By following the OOP approach, I am writing reusable methods into traits rather than creating a plain helper file. So that I can control access in an organized way. For that, I have created various traits for instance, permissions, auth, settings, helpers etc.
After working with PHP for more than seven years, I still feel there is a lot to learn.
Most traits have private and static methods.

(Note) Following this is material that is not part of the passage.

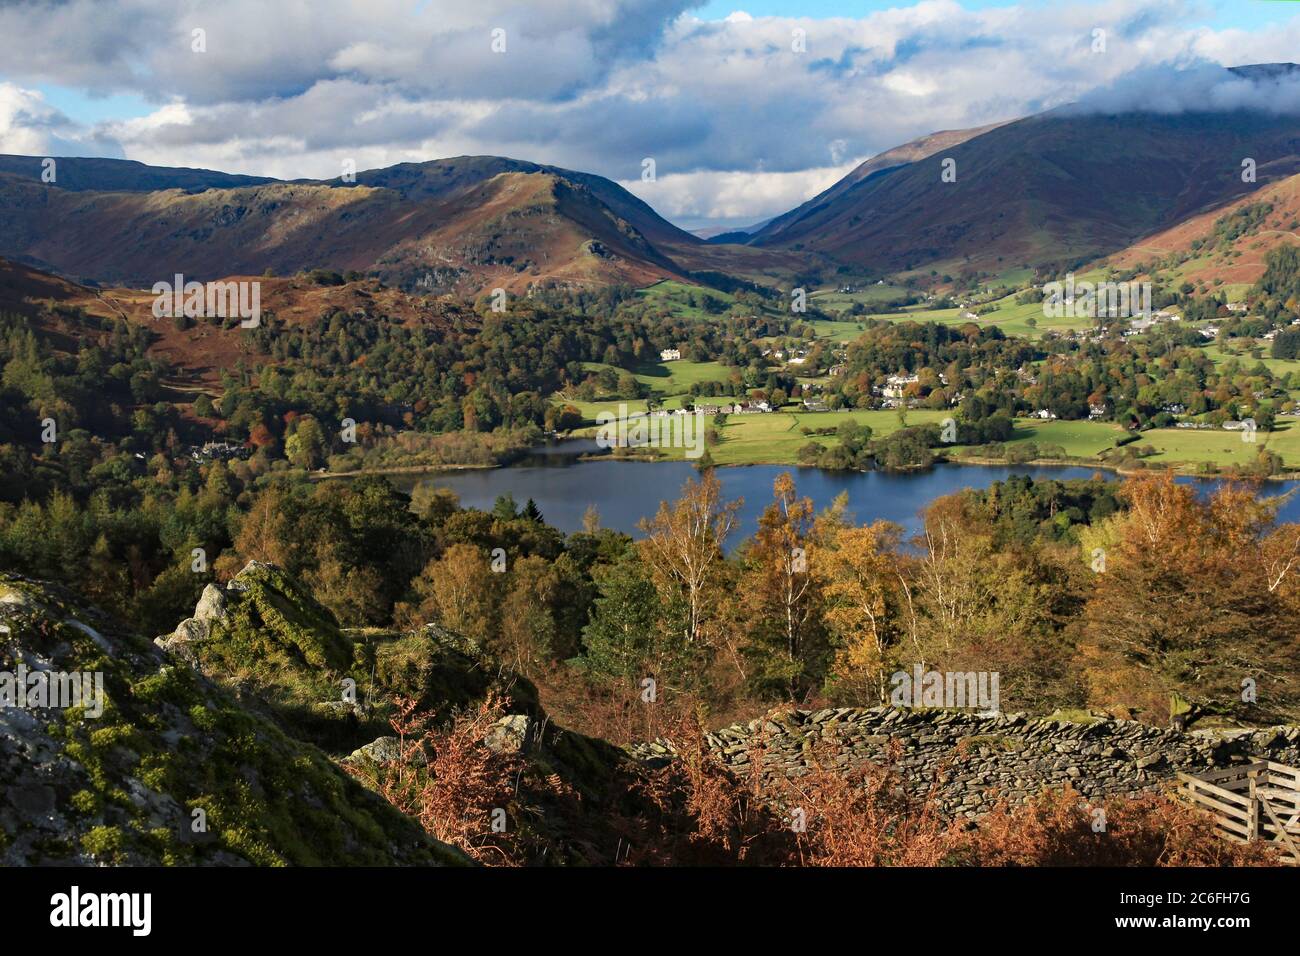 Grasmere in the foreground and upland fells of Helvellyn range in the background with trees coloured golden brown and yellow of the autumn season Stock Photo

However, the helpers trait has all public methods. To call any method from the helpers trait to other trait's static method, I have to call it using (new self)->helper_method()
Question:
I would like to know if there is any drawback of using it often? If yes, is there any better way then it to access public method within the static method?
Example Code
This is an example of what I am trying to do.
permissions Trait
trait permissions {
private static function authorize() {
$role = ( new self() )->checkUserRole();
if ( $role == 'ultimate' ) {
return TRUE;
}
return FALSE;
}
}
auth Trait
trait auth {
public function checkUserRole( $userId = FALSE ) {
$user = $userId ? getUser( $userId ) : getCurrentUser();
if ( $user ) {
return $user->role;
}
return FALSE;
}
}
UltimatePost Class
class UltimatePost {
use permissions, auth, ...;
public function __construct() {
if ( ! self::authorize() ) {
return FALSE;
}
}
}
UltimateMedia Class
class UltimateMedia {
use permissions, auth, ...;
public function __construct() {
if ( ! self::authorize() ) {
return FALSE;
}
}
}
The drawback is that a class' constructor usually often probably should have <more softening adverbs here> required arguments. If your constructor doesn't take arguments, and instances are apparently entirely interchangeable, then it's questionable why you're using classes instead of a collection of functions in the first place.
If and when your classes require constructor arguments, you cannot willy nilly instantiate them, since you'll need to pass the required arguments, which your static method probably won't have.
In your case your classes just end up as a bunch of static function calls ending up with
getCurrentUser, so you don't seem to be using OOP much at all.You may be interested in How Not To Kill Your Testability Using Statics for a deeper dive into this topic.